# Buddy-sour Horses



## Curly_Horse_CMT (Jun 8, 2008)

*Used to trail riding alone*

What I would do is start by ponying the younger horse with a older, steadier horse that is good on the trail by itself, no problem. That way, he can get used to being on the trail and have the confidence of the buddy system being right there. Really build a strong relationship with him by doing ground work, grooming, feeding, ect. This can help when it comes to backing him and so on later on in the future.

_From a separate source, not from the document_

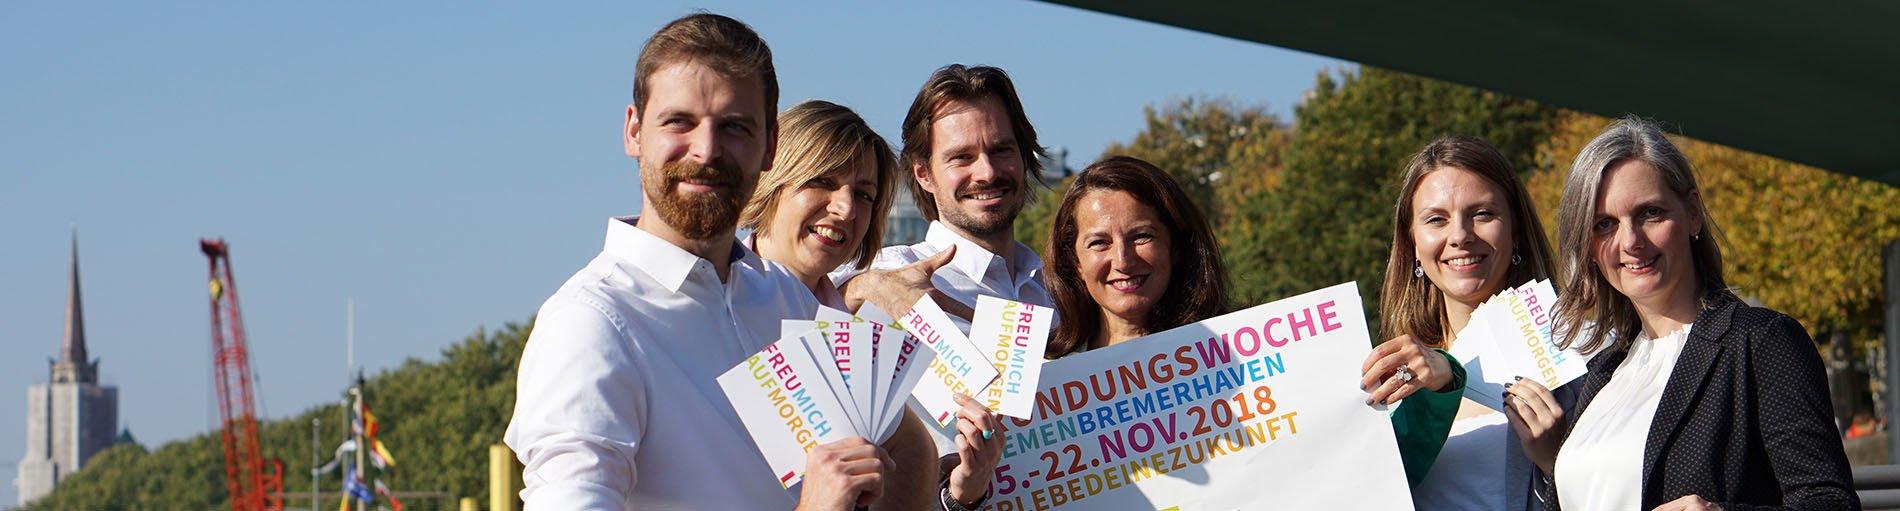 Sechs Personen halten Plakate und Flyer zur Gründungswoche 2018 in der Hand.
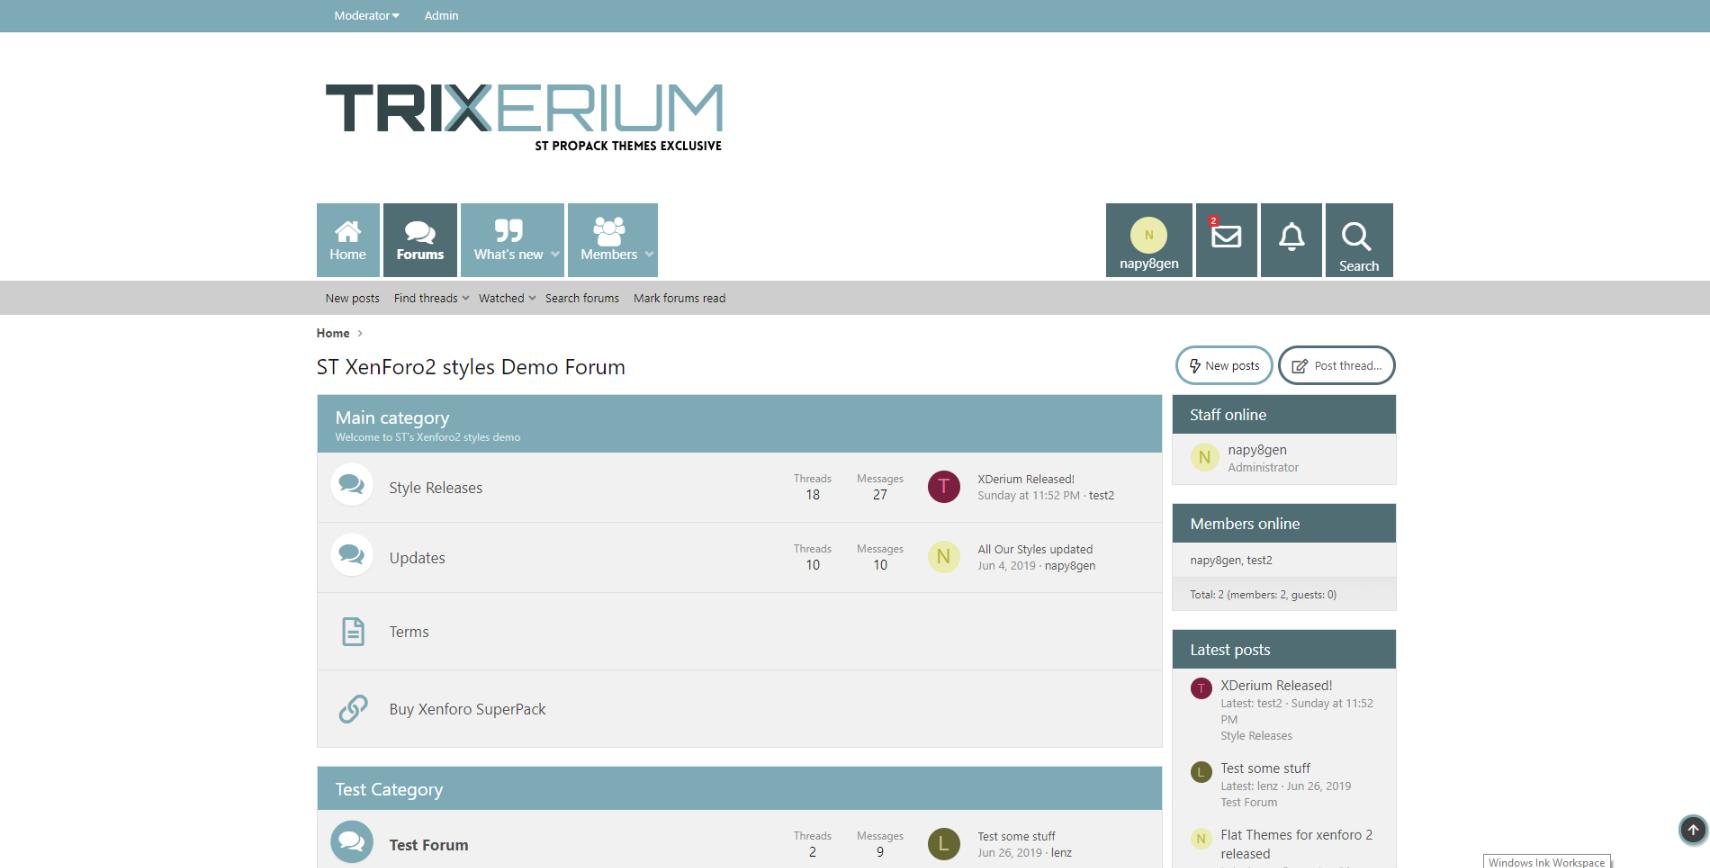 Trixerium Glacier - Trixerium xf2

And, if you dont have any confidence, the horse wont have any confidence. Start going out on the trail with friends and their horses at the barn where you are at so you can get used to being on the trail. When you are alone, the horse looks to you as a leader. They need to be able to trust you. But when you are just as nervous as the horse, that does no good. Hope this helps, keep us updated on your progress!


----------



## Bitless (Jan 11, 2008)

You could just lead him out a few times, so hes used to your company instead of another horses. Let him see everything wiht you right there besides him. 

Also keep the first rides short so its not to much for him to deal with. 

Also if you have access to farm land , have a go there, as its kinda an inbetween step from an arena to completely open road/trails and such.


----------



## sempre_cantando (May 9, 2008)

What exactly does he do wrong when he's out alone? Does he spook more? Or just plain silly? Please describe!


----------